According to him, experience has shown that price control distorts patterns.
“This order will not be an exception. The unavoidable response of a company that is forced to sell below cost is that it has to cut its business volume to minimize losses,” Bermudez said, adding that as the chain scaled down, supply gradually disappears.
Challenge to government
He told The Times that the government must “look at the entire gaps and the root cause of the problem” and not just resort to immediate solution.
“Maybe we are too in a hurry to make deregulation works. Oil is too valuable to be disappeared in the market,” Bermudez said.

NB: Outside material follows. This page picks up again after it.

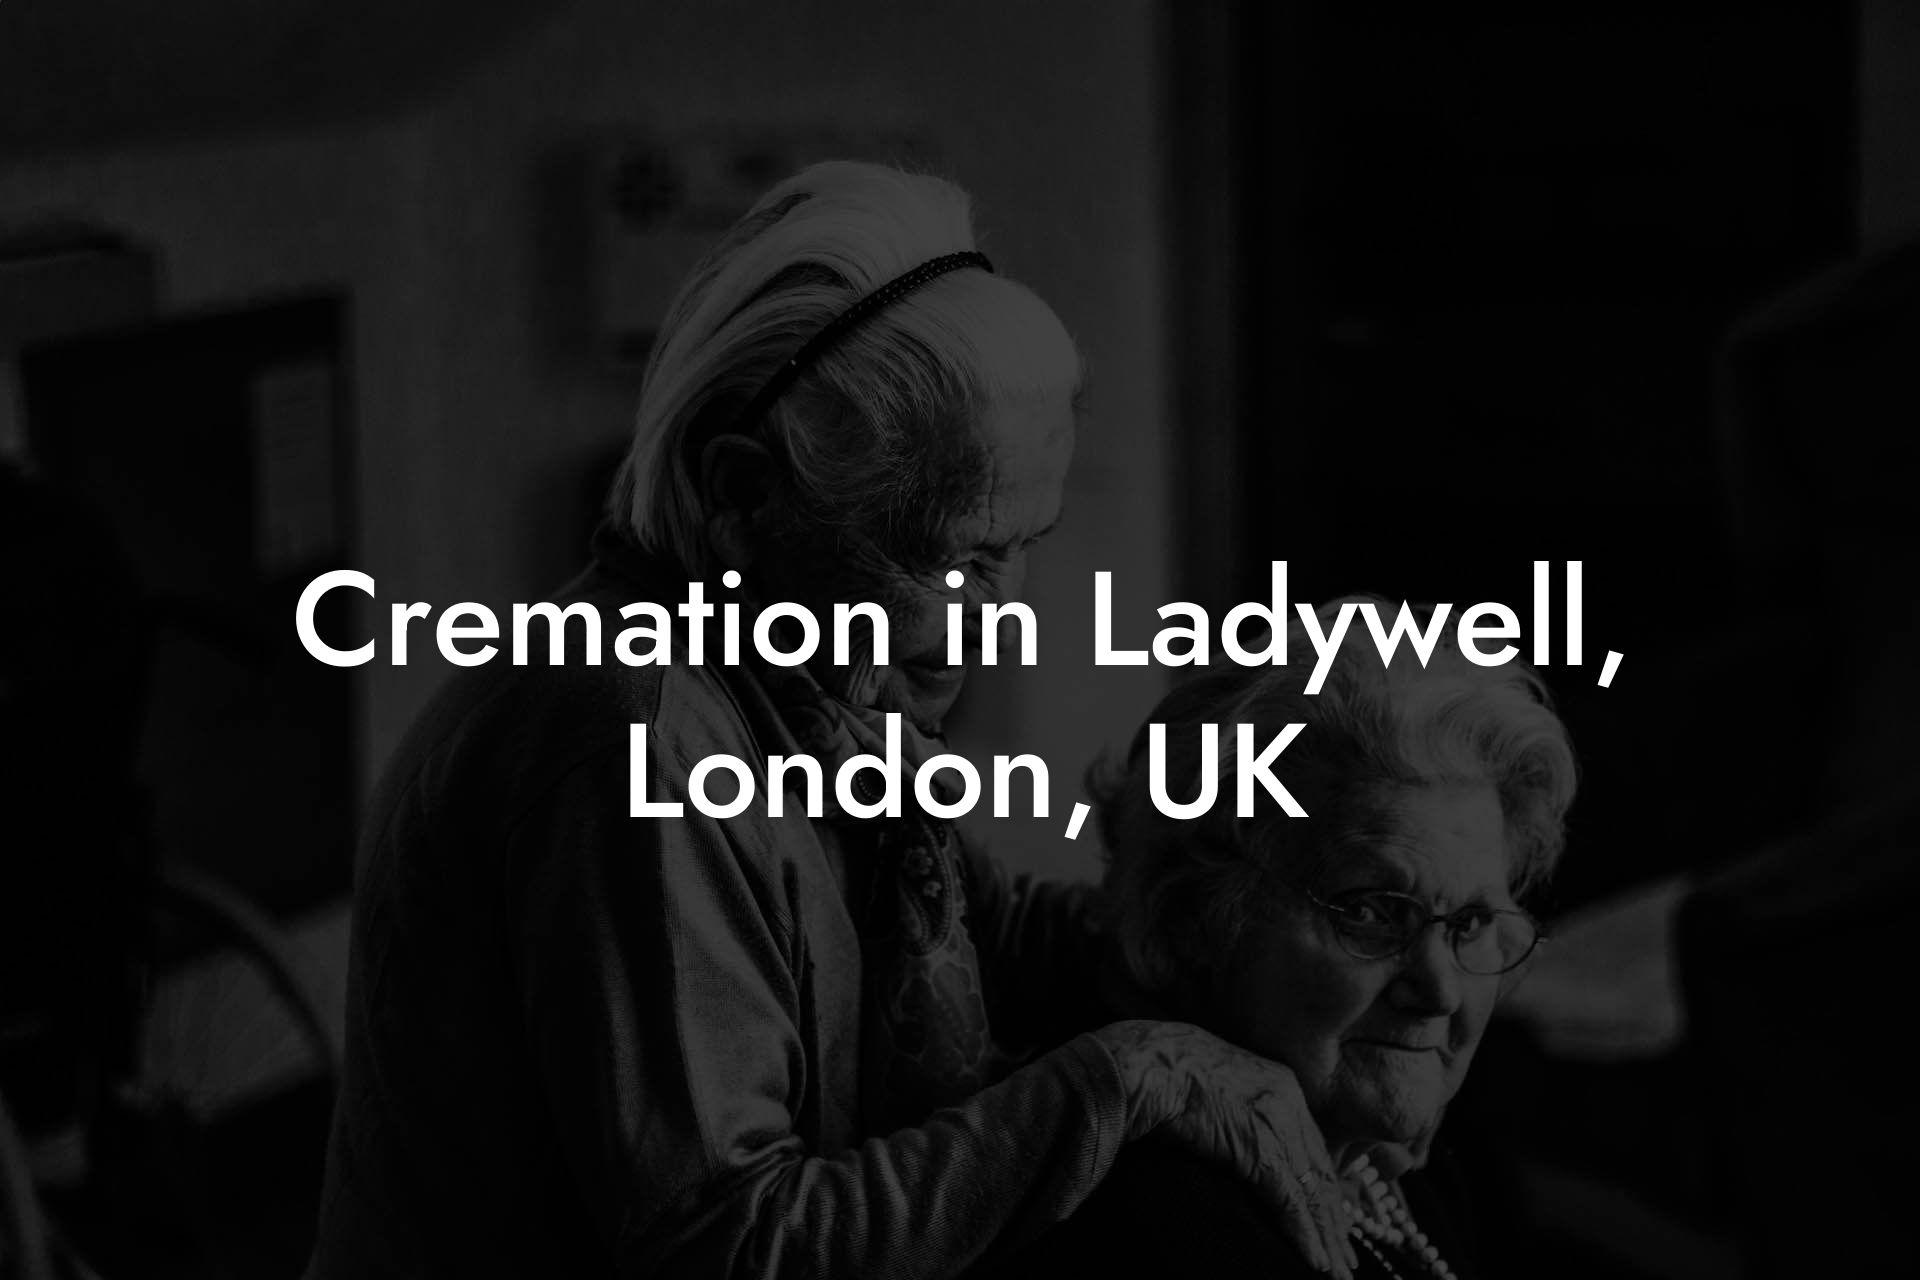 Cremation in Ladywell, London, UK

He maintained that if the government catches profiteering, it could isolate and punish the wrongdoers while allowing law-abiding businesses to go about their work without being demonized.
He added that if government catches firms hoarding supplies, they too should be punished—stressing that price controls would be harmful.
Bermudez said that in countries where prices were kept artificially low, it was the government that subsidized the products.
“Private companies should not be made to subsidies their products. These are the same investors that government invited into the country with assurance of stability and protection under the law,” he added.
Bermudez also told The Times that in the end, the objective of keeping prices low was defeated and that restoring normalcy to the market was then “protracted and painful in process.”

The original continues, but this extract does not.